Updated on April 2, 2012

Stay positive this winter with help from the sunshine pill

It’s vital for our health and wellbeing, yet many of us are vitamin D deficient. Fortunately, you can source vitamin D from your diet.

Vitamin D for our health

We need vitamin D for strong bones and muscle function. It also supports cells and assists our body to use the calcium and phosphorus obtained from our food. Yet experts estimate about half the UK is vitamin D deficient and when low levels of vitamin D contribute to bad moods and symptoms of depression, this could make us a grumpy lot.

“The main cause of vitamin D deficiency is lack of exposure to sunshine,” explains Alison Wyndham, a physiotherapist and complementary health practitioner. “We don’t get much sunshine in this country and when we do we’re encouraged to apply sunscreen to prevent cancer. However, it’s not the sun that gives us cancer, it’s sunburn and these sunscreens completely block the absorption of vitamin D.”

Natural sources of vitamin D

The sun is our main source of vitamin D, but we can also get it from our diet. The richest sources are oily fish, such as kippers, mackerel, canned salmon, sardines, tuna, and cod liver oil. You can also get vitamin D2 in mushrooms and by taking a daily multivitamin

The Sunshine drug

Our bodies synthesize vitamin D as vitamin D3 from sunshine. “All you need is 15-20 minutes in the sun to get all the vitamin D you need on a daily basis,” says Alison. However, during winter, lack of sunshine and dark days means we’re missing out.

“Vitamin D helps increase the production of serotonin, a neurotransmitter that, when low in the body, is associated with mood disorders, such as depression and seasonal affective disorder (SAD),” explains Alison. “A lack of vitamin D means we’re not increasing our serotonin levels, the mood enhancing neurotransmitter, which could put us in a bad mood.”

Lift your mood

A good night’s sleep could lighten your mood, as could taking a day off work to clear your mind. Lift your mood with Alison’s top tips:

  • Get active
    Exercise releases endorphins which are also neurotransmitters. These interact with opiate receptors in the brain to give you a feeling of wellbeing.
  • Meditate
    Meditation also releases endorphins and affects the area of the brain associated with happiness and positive feelings.

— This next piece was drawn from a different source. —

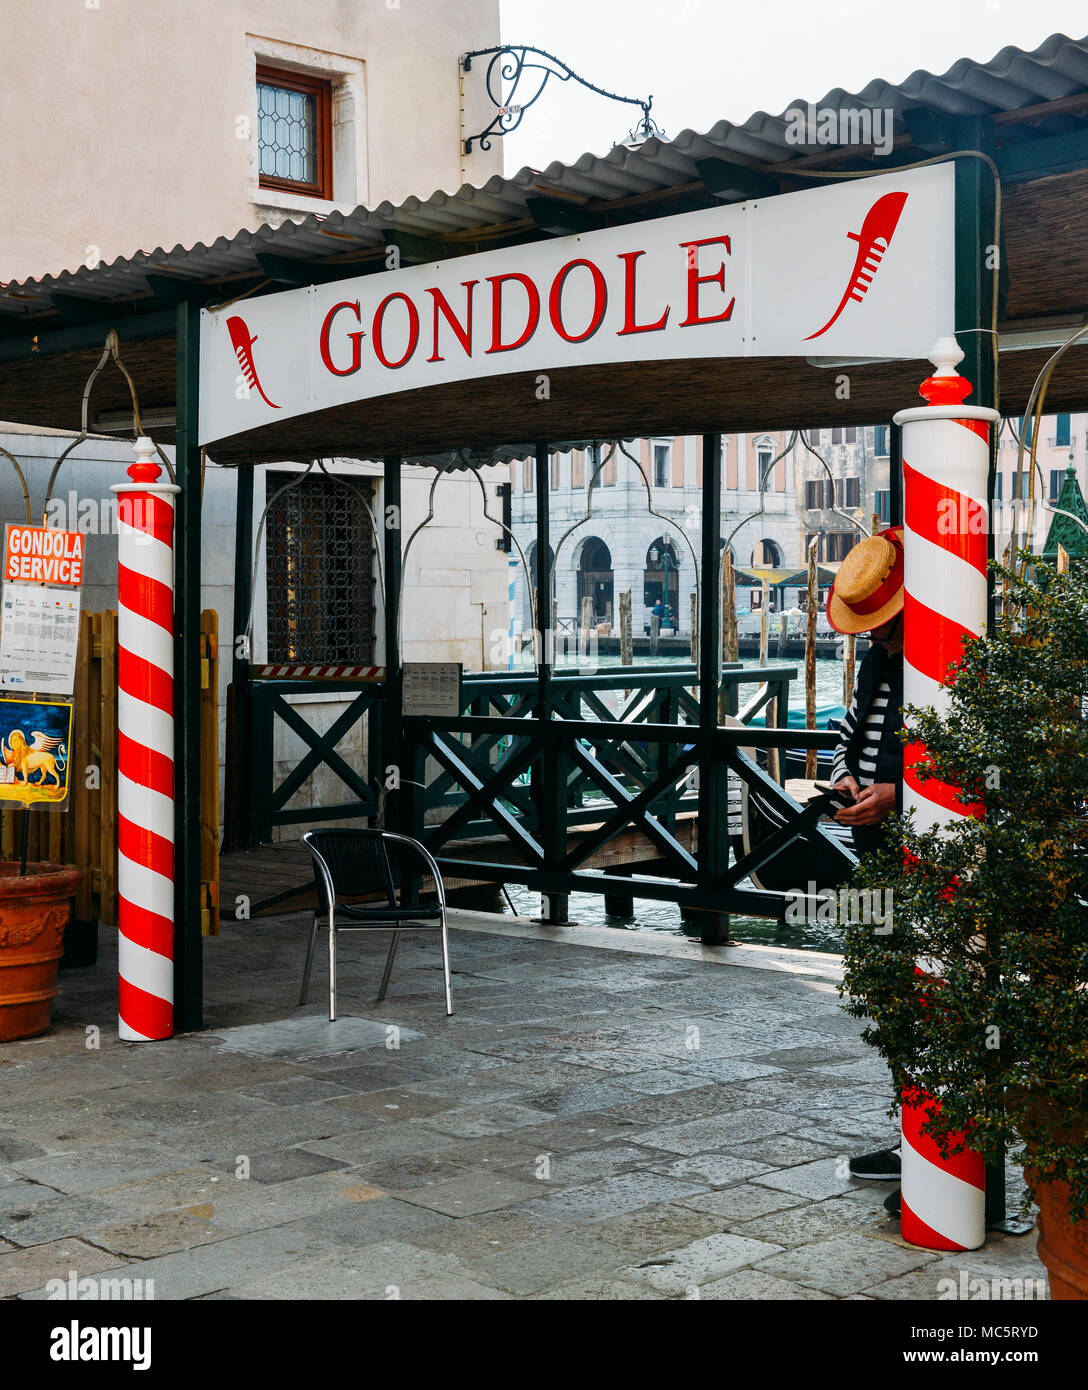 Venice, Italy - March 28th, 2018: Gondolier relaxes next to a sign advertising gondola riding Services Stock Photo

  • Take a vitamin D supplement
    Vitamin D3 is vital for your immune system so it’s a good vitamin to take during winter and at stressful times.

  • Hit the high notes
    Joining a choir is a great way to lift your mood. But if singing in public’s a bit daunting, belting out a tune in the shower should do the trick.

  • A good rub
    Massage increases endorphins so massaging your partner could lift your mood. It could even result in sex which is a great mood enhancer!